You are planning an event or putting together a party, and you have a speaker or an entertainer planned, but everyone seems to want to sit in the back of the room. Here are some ideas to encourage your guests to sit closer to the front:
1. If it’s theater seating, you can rope off the back rows until the front fills up.
2. If it’s banquet seating, put reserved signs on the tables towards the back of the room until the forward tables are full.
3. Close the back doors so that your guests have to enter towards the front of the room.
4. Put gifts/incentives for the attendees on the seats in the front.
5. Have greeters escort people to their chairs. You can even use a senior person or a featured speaker or entertainer to do this for more impact.
6. Set up less chairs than you will need, and once they fill up, have the rest of the chairs ready to be set up immediately.
7. Have an usher greet everyone by saying, “We have a full room today, please fill in the seats at the front.”
8. In the case of an informational presentation, such as a corporate event or a convention, put power strips for laptop and cell phone charging in the front rows.
9. Make a game of it. Hide the speaker podium behind a screen in what appears to be the “back” of the room. Once everyone is seated, bring the podium out and tell everyone to turn their chairs around so that now the back has become the front. The gasps will be heard for miles, but it will create excitement and energy, which your speaker or entertainment can build upon from the very beginning of their presentation.
10. If you’re having entertainment for your event, have the entertainer start their show by moving people towards the front. I’ve personally done that from behind my piano, sometimes using a flashlight to direct attention to the folks in the back.

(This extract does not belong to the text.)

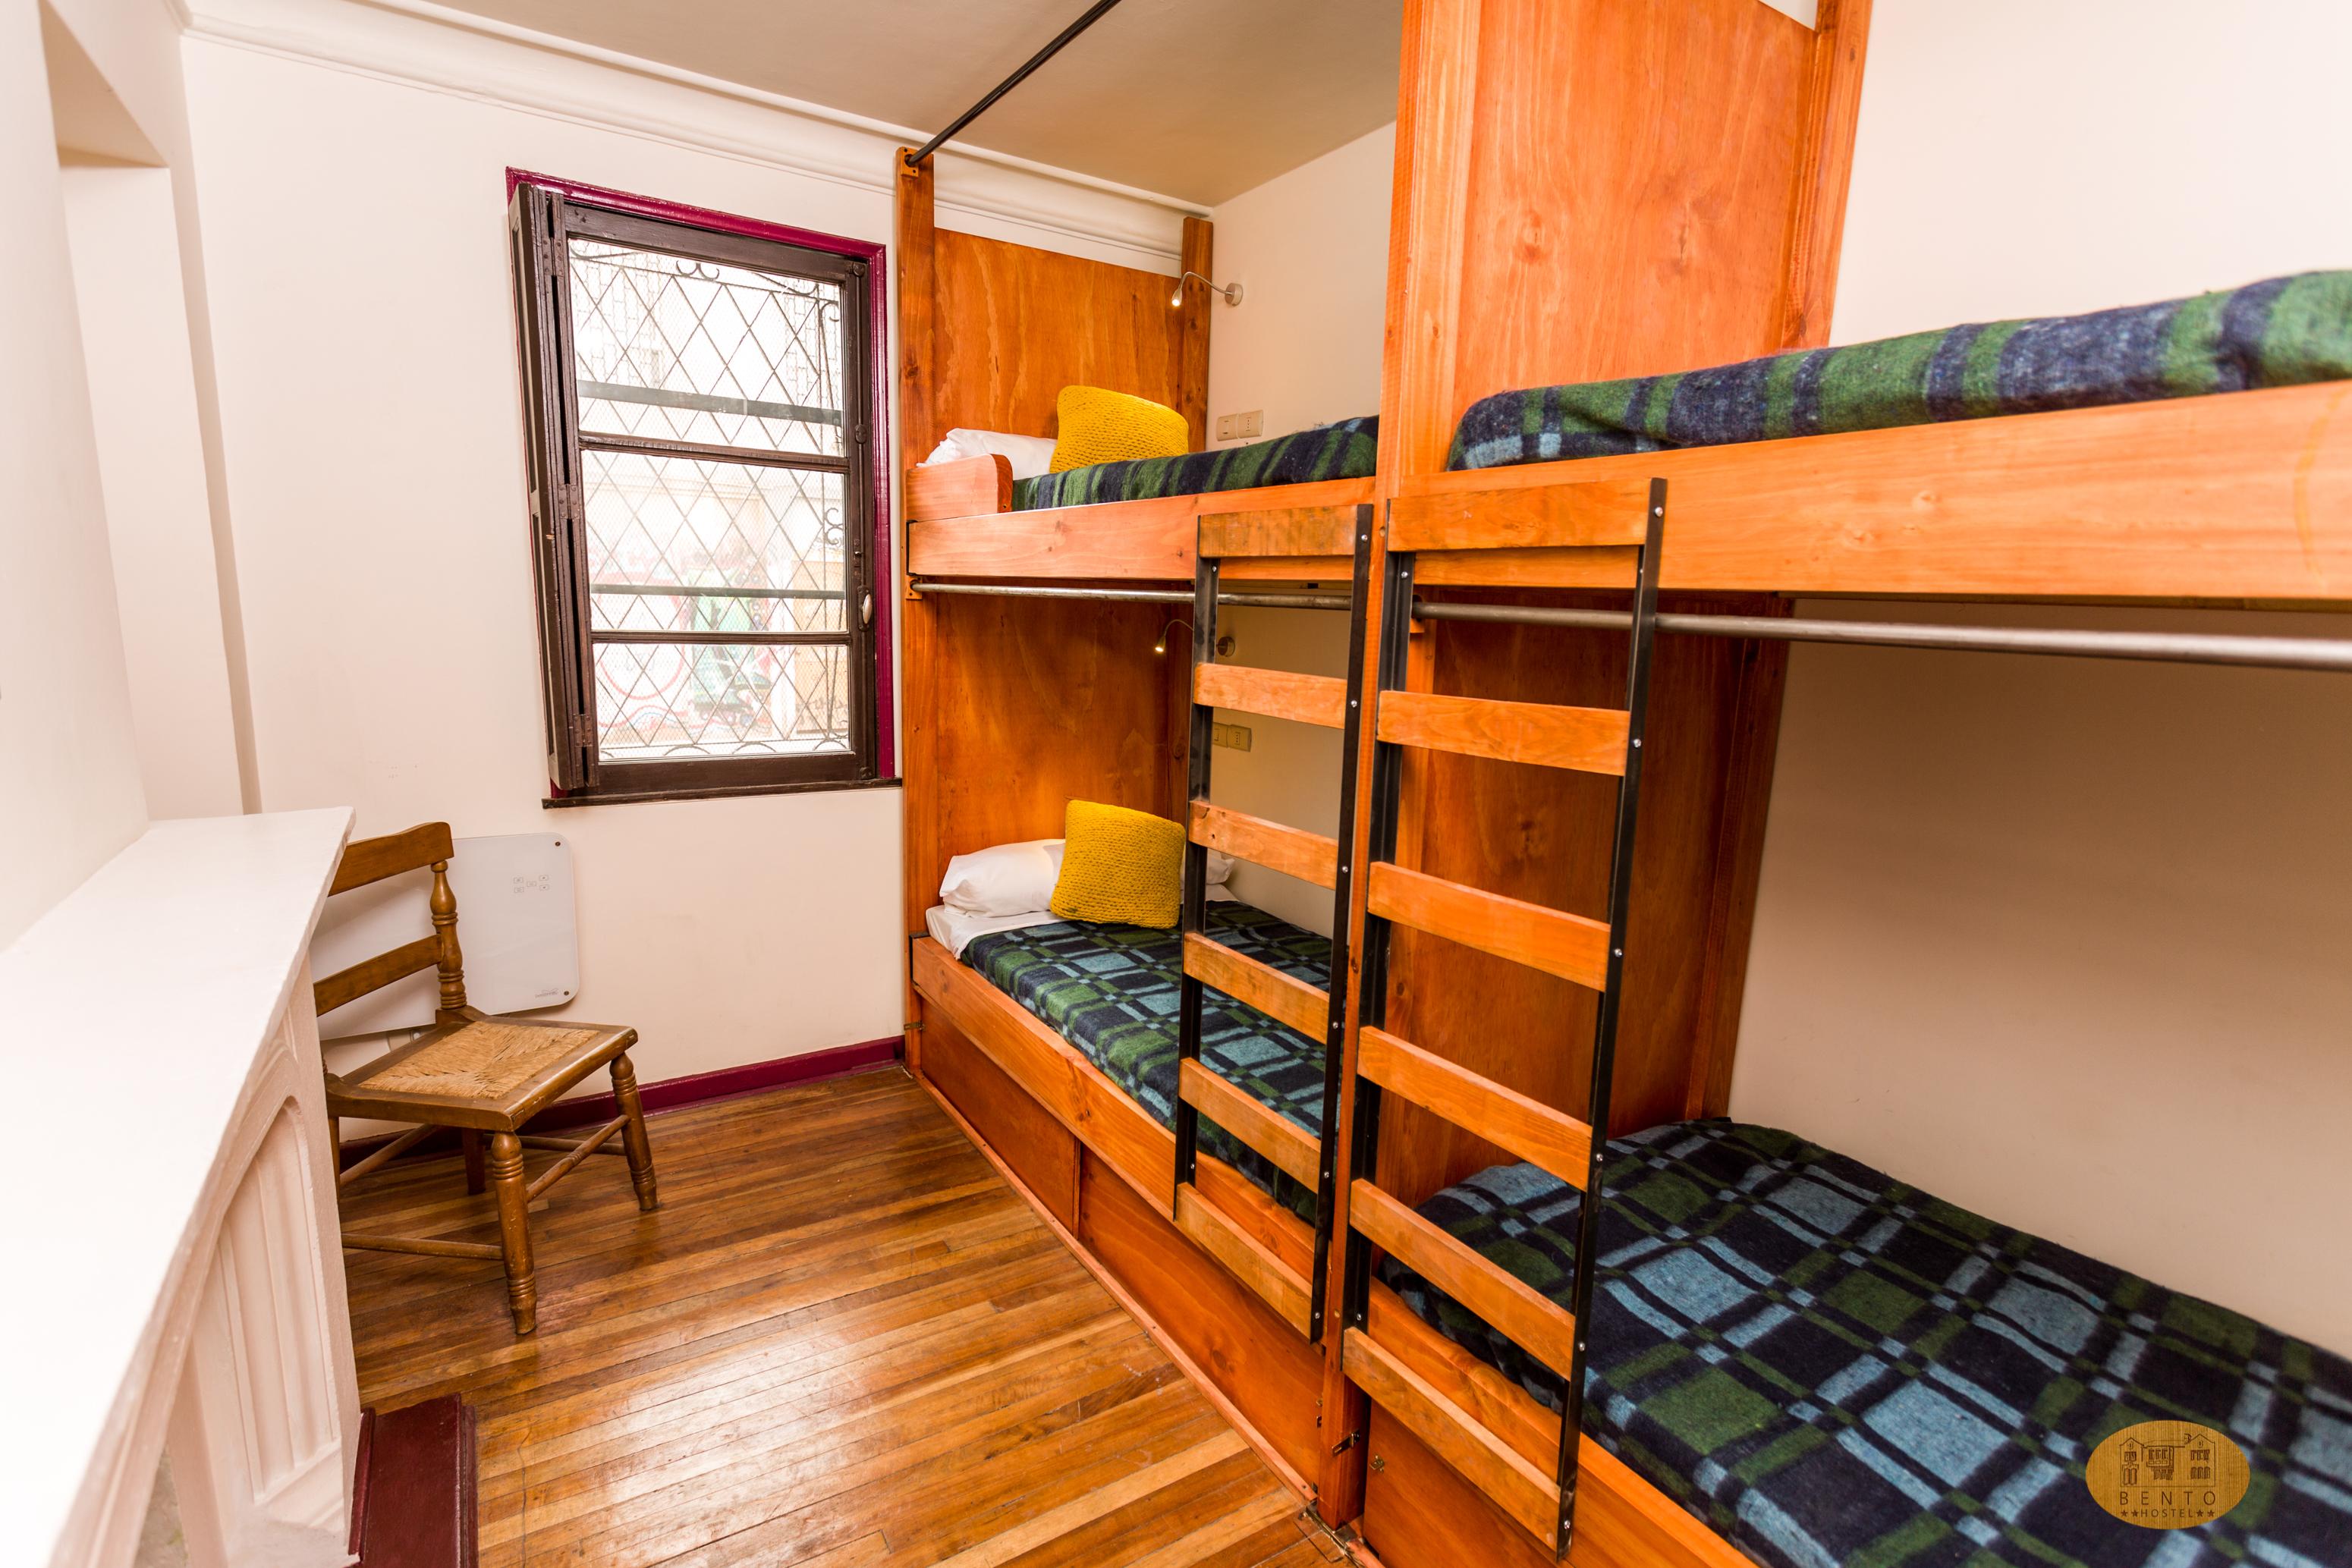 Bento Hostel

If the entertainer is good, it can be pretty painless.
11. Make it fun! Hire a fake paparazzi corp that will photograph only those in the seats you want to fill; or, hire impersonators to interact with guests in the front of the room; or, put signs on some of the rows, “For Diva’s Only”, “Pretty People Only”, or something else that is fun and interactive.
12. Tie helium balloons to the chairs on the back rows. People will get worried that they will have to do something with the balloons, and will gravitate towards the chairs without the balloons, the ones up front!